With so much at stake on Saturday, between two players who have never met before, could Krejcikova’s connection to Novotna be an X-factor? 

"This destiny thing, riding with Jana on her shoulder, you get inspiration and you get strength from things like that, it can be an intangible that nobody can really quantify,” Pam Shriver, a 22-time Grand Slam champion in doubles told

Barbora Krejcikova, Roland-Garros 2021©Corinne Dubreuil / FFT

Krejcikova and Pavlyuchenkova are bidding for history on many levels on Saturday. 

Krejcikova could become the first woman to win the women’s singles tournament at Roland-Garros after saving a match point since Justine Henin in 2005. She will try to become the first Czech woman to win in Paris since Hana Mandlikova in 1981.

Pavlyuchenkova, if victorious, would break the record for most previous Grand Slam appearances before winning a maiden major title. Flavia Pennetta, who won the 2015 US Open title on her 49th appearance at a Slam, currently owns the record. 

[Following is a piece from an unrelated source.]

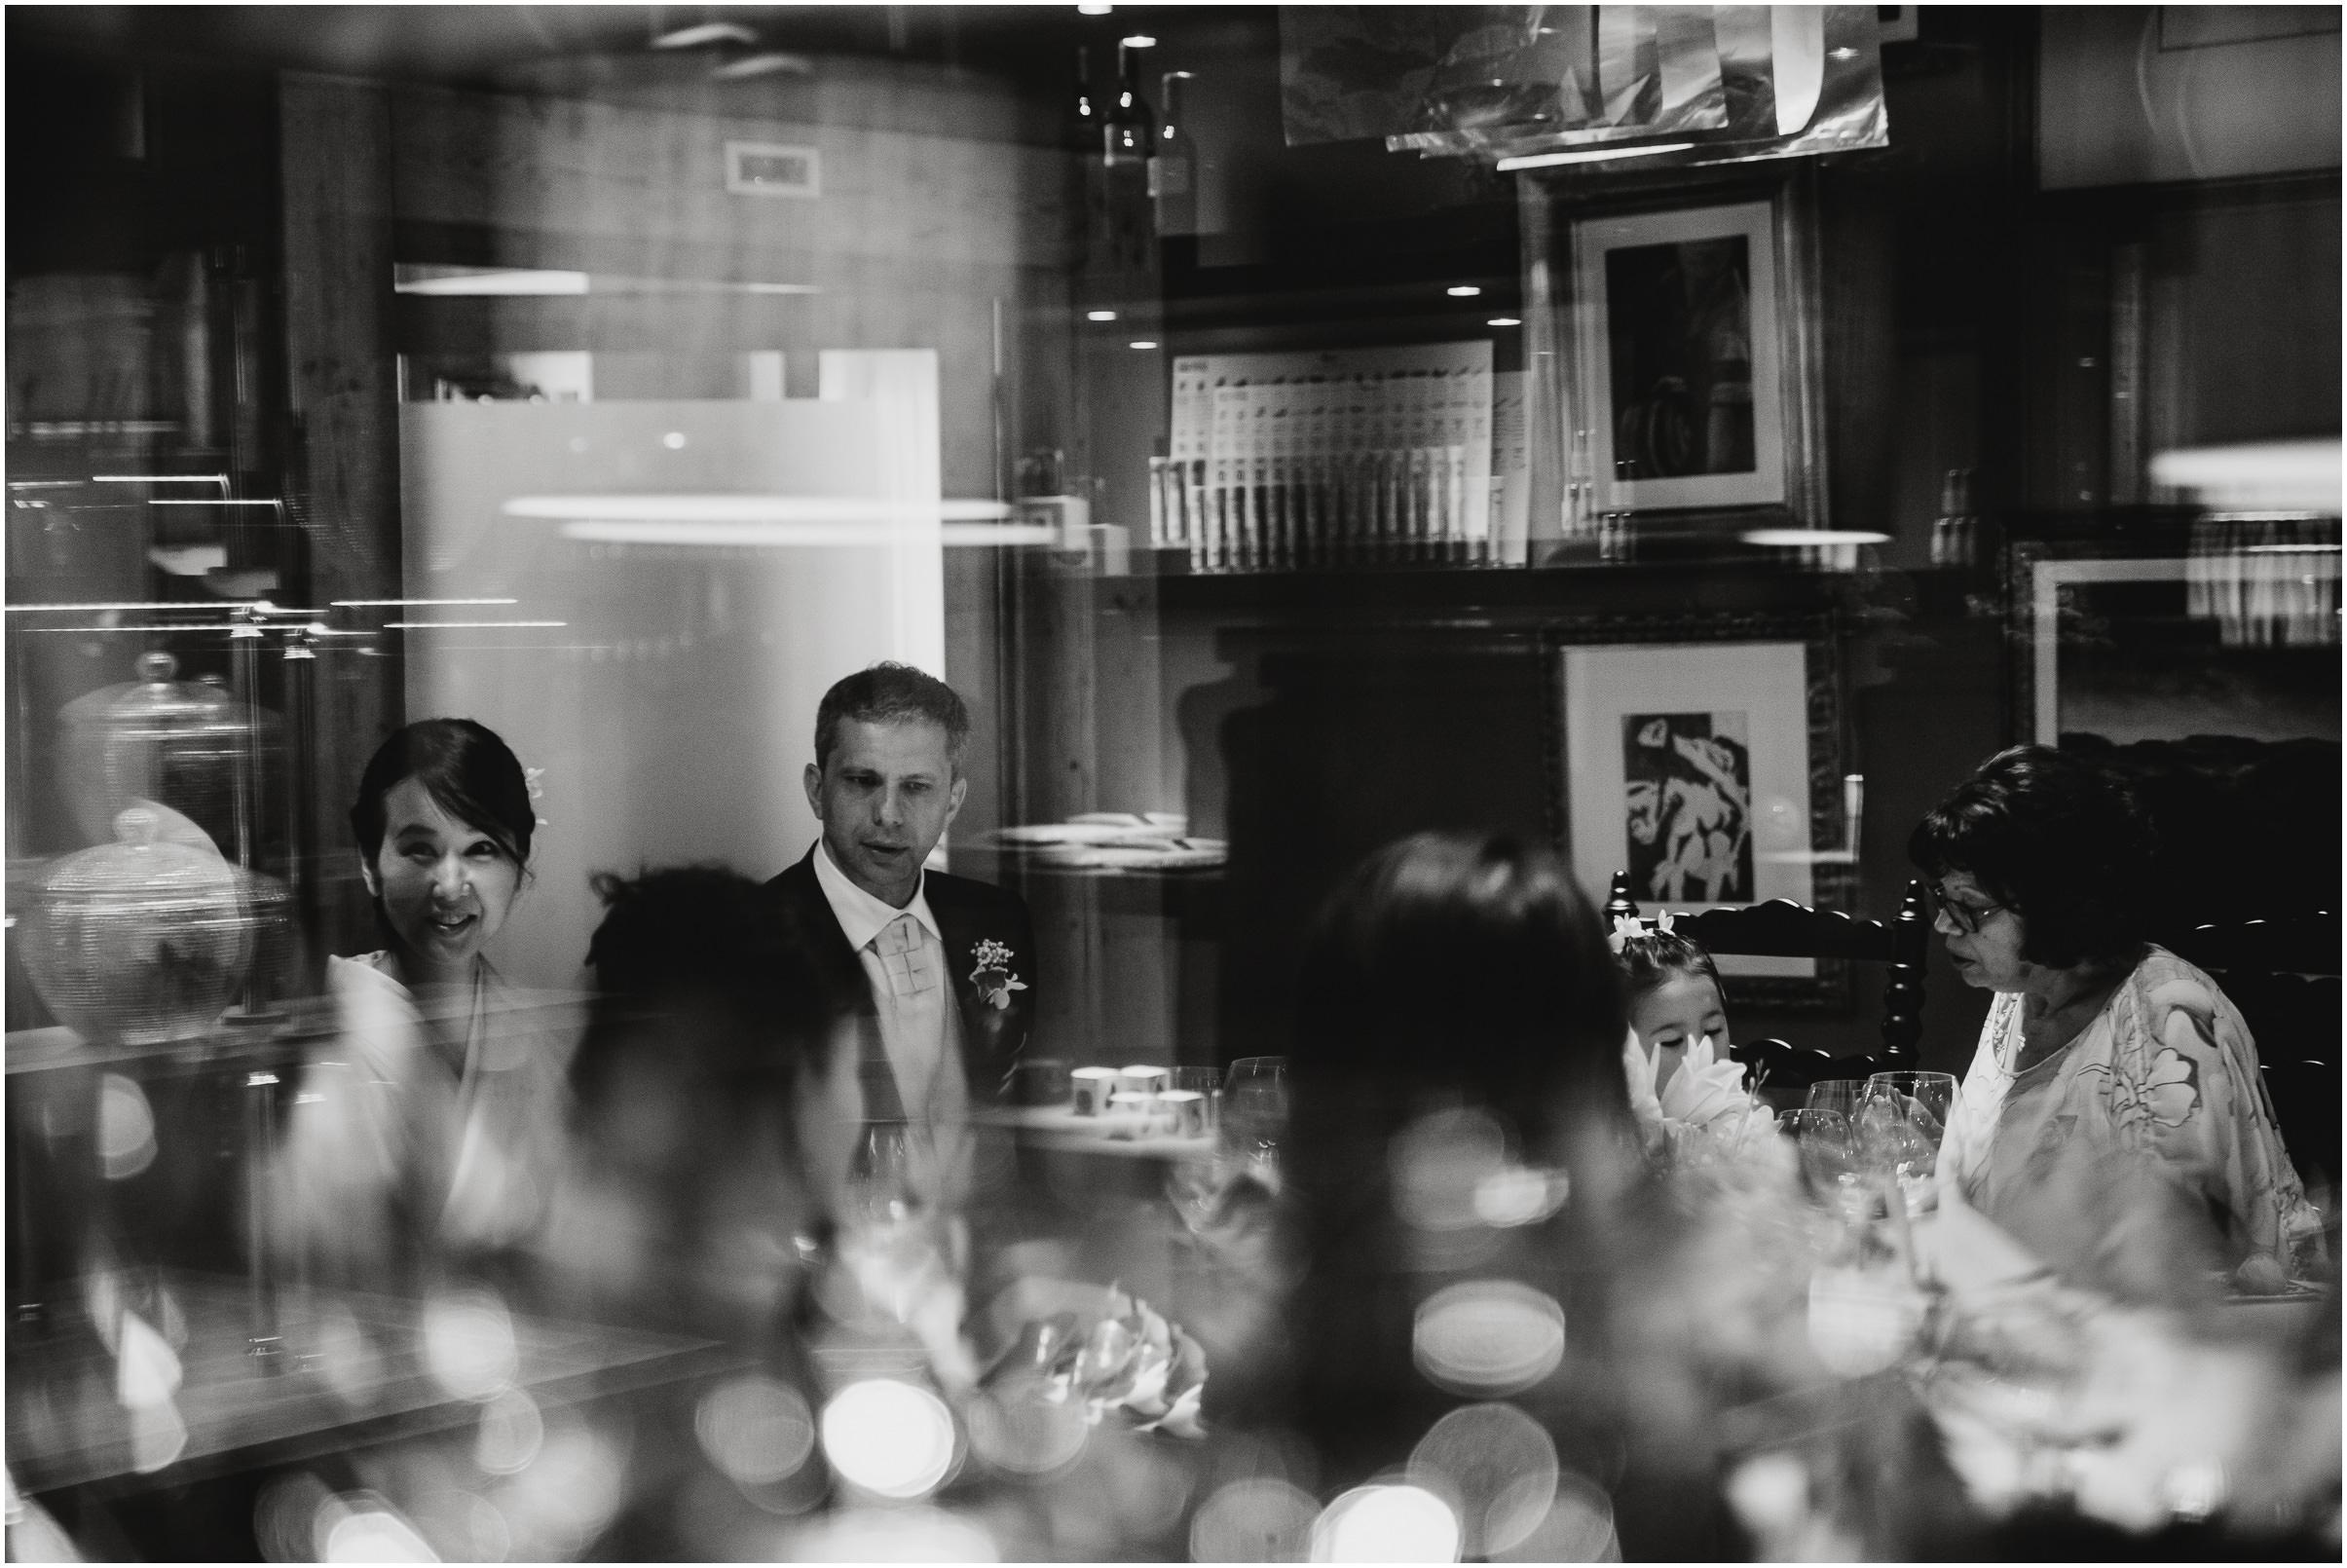 WEDDING-PHOTOGRAPHY-SARA-LORENZONI-FOTOGRAFIA-MATRIMONIO-ORVIETO-JUKA-ANTONELLO53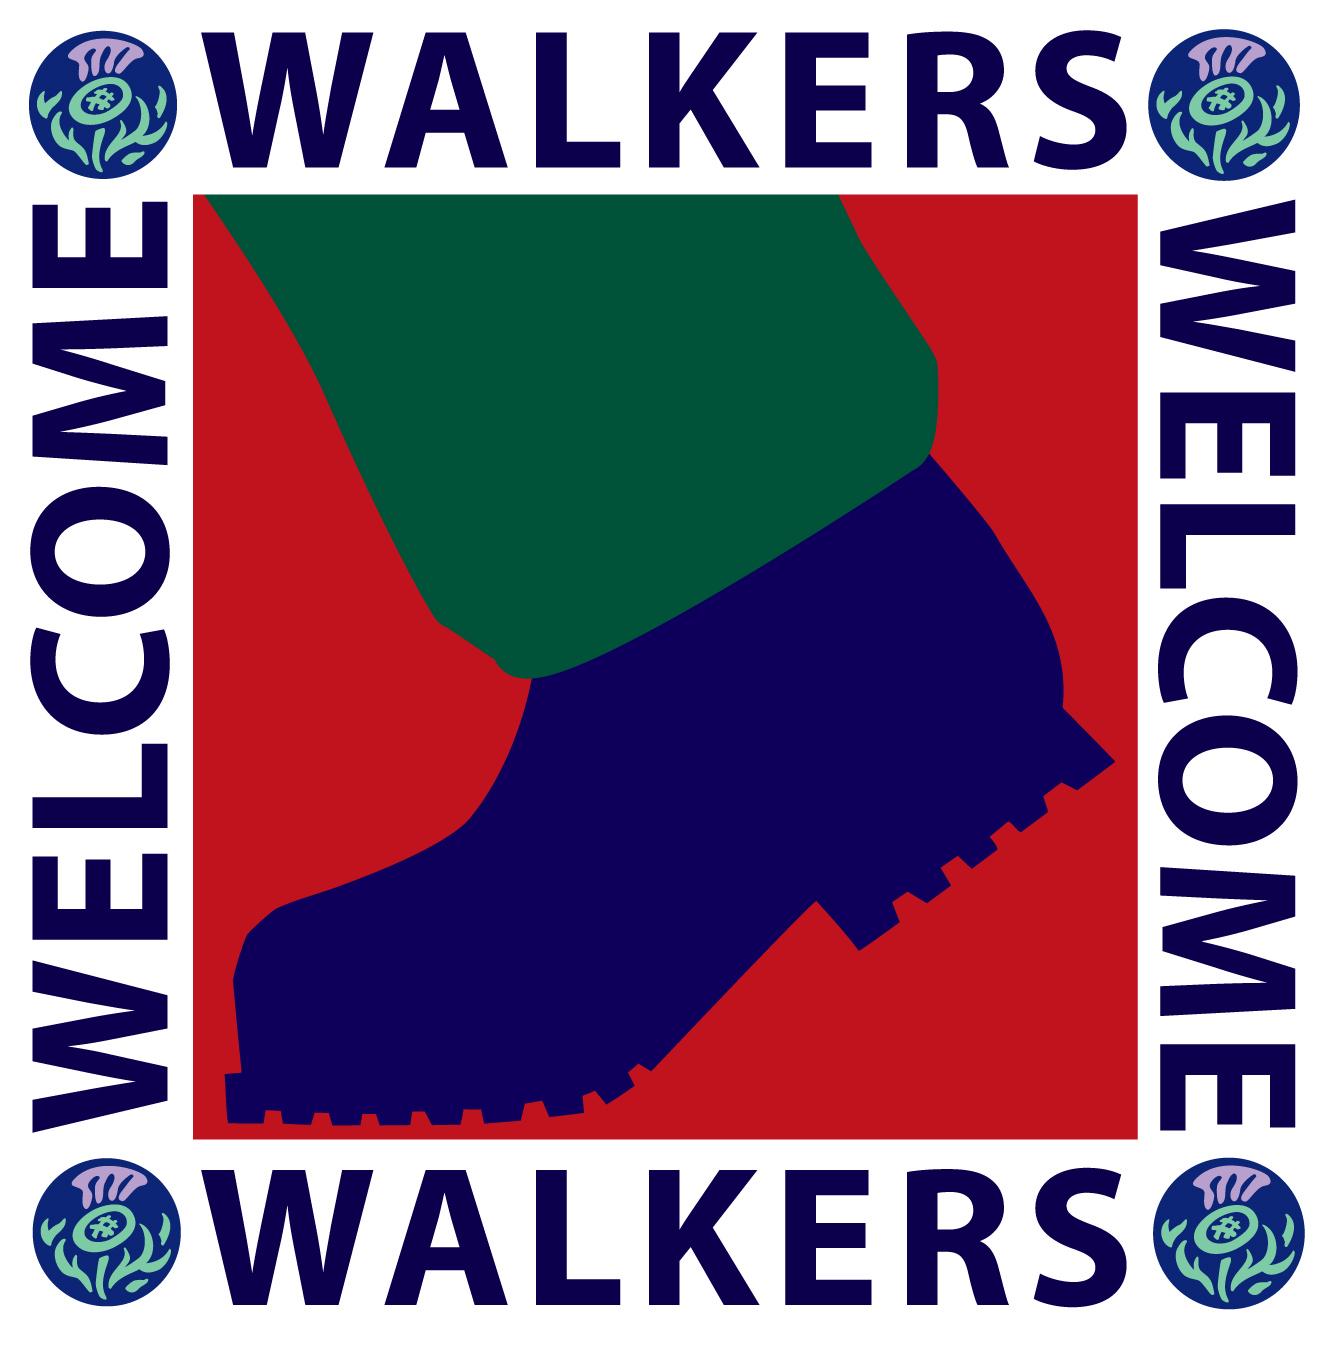 Walkers_Welcome_Logo.jpg

"Their stories are quite rich, really," Shriver said. "Pavlyuchenkova, how long it's taken her to even reach a semi-final - good for her. I think it's a sign of the times where perseverance and resilience play a role - just keep trying. Keep trying."

This will mark the sixth consecutive year a woman will pick up her maiden major at Roland-Garros - but in 2021 the drama has ramped up. 

"In an era of the underdog doing pretty well, this Roland-Garros takes the cake,” Shriver said. 

It may have taken a while for Pavlychenkova to get to her first major final, but the thought was always on her mind.

"That's for us the biggest achievement you can get," she said after reaching the final. "That's what you are playing for. I think about it all the time. Like been thinking about it since I was a junior, since I was a little kid, since I started playing tennis. That's what you are playing for. That's what you want. It's been there in my head forever."

Krejcikova’s brilliant doubles success has clearly primed her for sudden success on the singles court. The Czech had ice in her veins during Thursday’s pressure-cooker against Sakkari, proving that the big stage in singles is not too big for her, even if it is just her fifth appearance in singles at a major. 

Mattek-Sands believes no matter what happens in Saturday's final, the match-up represents a well-deserved moment for two women who have paid their dues.

"It's just nice to see some players that love playing tennis, are out there for the love of the game, doing so well at this stage in their career," said the American. "My hat is off to both of them. I think it will be a great final.”